Рук и не надеялся уснуть. Он полночи лежал без сна, пропитывая потом тюфяк, слушая гудение красных мух и вглядываясь в тепловой отпечаток Бьен на койке над собой, – она ворочалась и металась в когтях кошмара. Он подумал, не разбудить ли ее, но не стал. Даже если ее сны полны жестокости, ей нужен отдых.
«Горе, и страх, и смятение, и сомнения, и ярость».
Ее слова разжигали ярость и в нем.
Как бы ни был ужасен погром в храме Эйры, Рук держался за то, что хоть Бьен уцелела. Пути богини удивительны и непостижимы, но в спасении Бьен он видел своего рода милость, лучик света в темных дебрях мира. Пока она жива, в мире есть еще что-то хорошее, ради чего стоит бороться вернее, чем ради самого себя.
«Она все еще жива, – угрюмо размышлял он, – но мы ее предали».
На изнанке век он видел изваяние Эйры. Богиня смотрела на него сверху вниз, держала в руках вино, меч и пылающий факел. Огонь тянулся вверх, лизал языками темноту. Четвертая рука, отрубленная, сочилась кровью.
– Почему ты отвернулась от нее? – потребовал ответа Рук.
Волки у ног Эйры навострили уши, показали зубы. Авеша тошнотворно зачавкала.

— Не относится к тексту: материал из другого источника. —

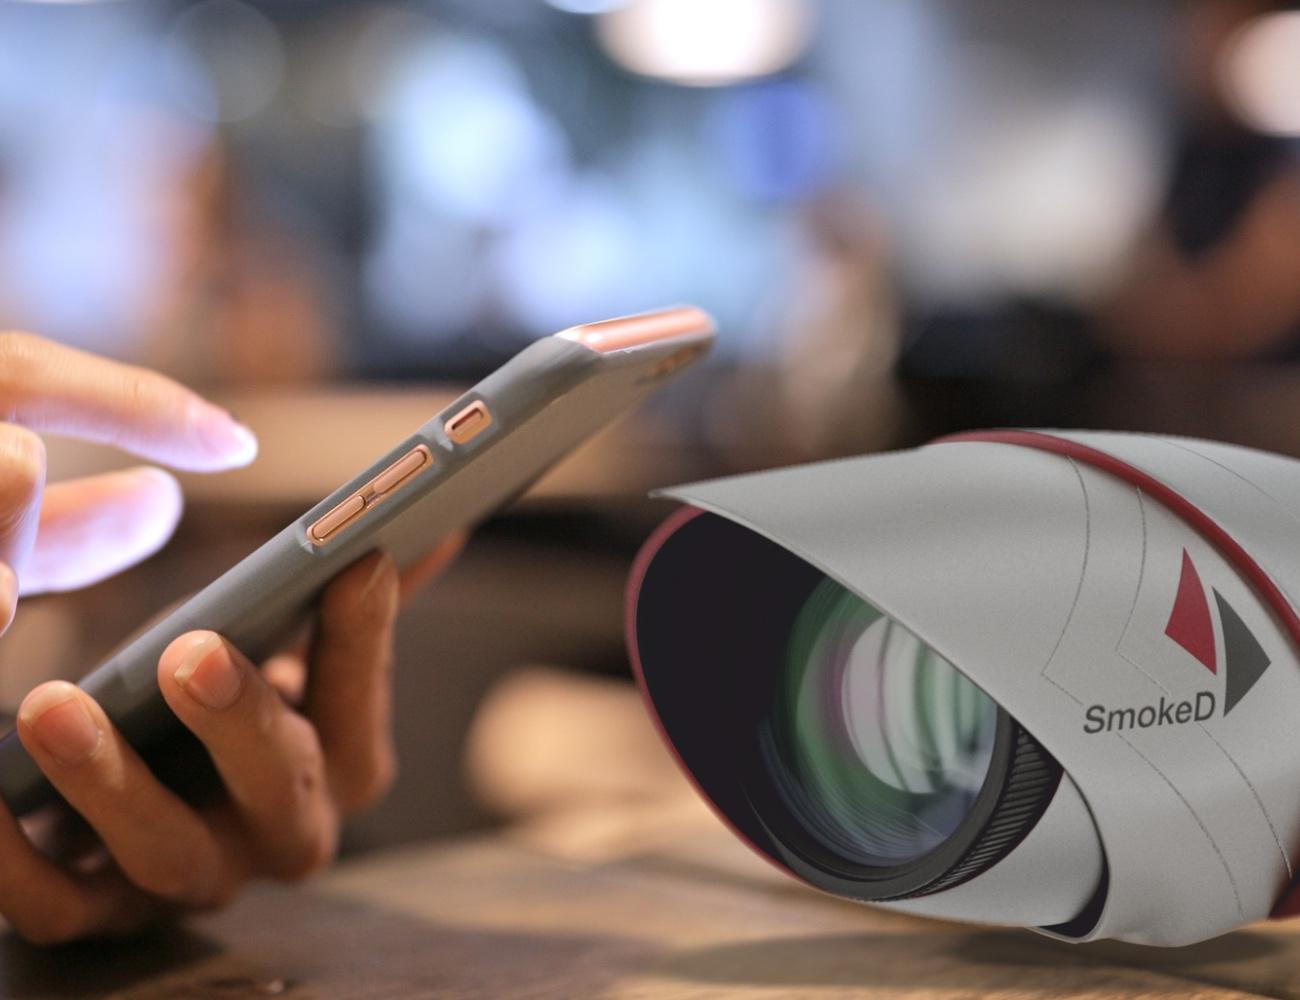 SmokeD Smart Fire Detection Camera

– Я отвернулась? – ответила богиня. – Или ты?
Она подняла факел, чтобы ему было лучше видно.
Свет отразился в золотых глазах.
Улыбка – зубастая красота.
Что-то с ней было не так. Не хватало рук. И одежды.
И меч был не меч – змея, лениво скользившая сквозь пальцы, чтобы обвить нагое тело.
– Ты никогда не задавала вопросов, – сказал он. – Ты не знаешь слов.
– Таких слов, как «слабость»? – спросила она и шагнула к нему так плавно, что движение равнялось неподвижности. – Таких, как «страх»?
– Я не из страха ушел, – покачал он головой. – Я не боялся дельты. И тебя.
– Нет?
Она задержалась перед ним, взяла за подбородок, подняла к себе его лицо – он и был вдвое ниже – и всмотрелась в него нечеловеческими глазами.
– Почему же тогда?
Он рвался из ее пальцев, но они держали, как стальные.
– Я решил быть другим.
И тогда она рассмеялась – как вода зажурчала по камням. Ему стало холодно. За все прожитые с ними годы он не слышал смеха.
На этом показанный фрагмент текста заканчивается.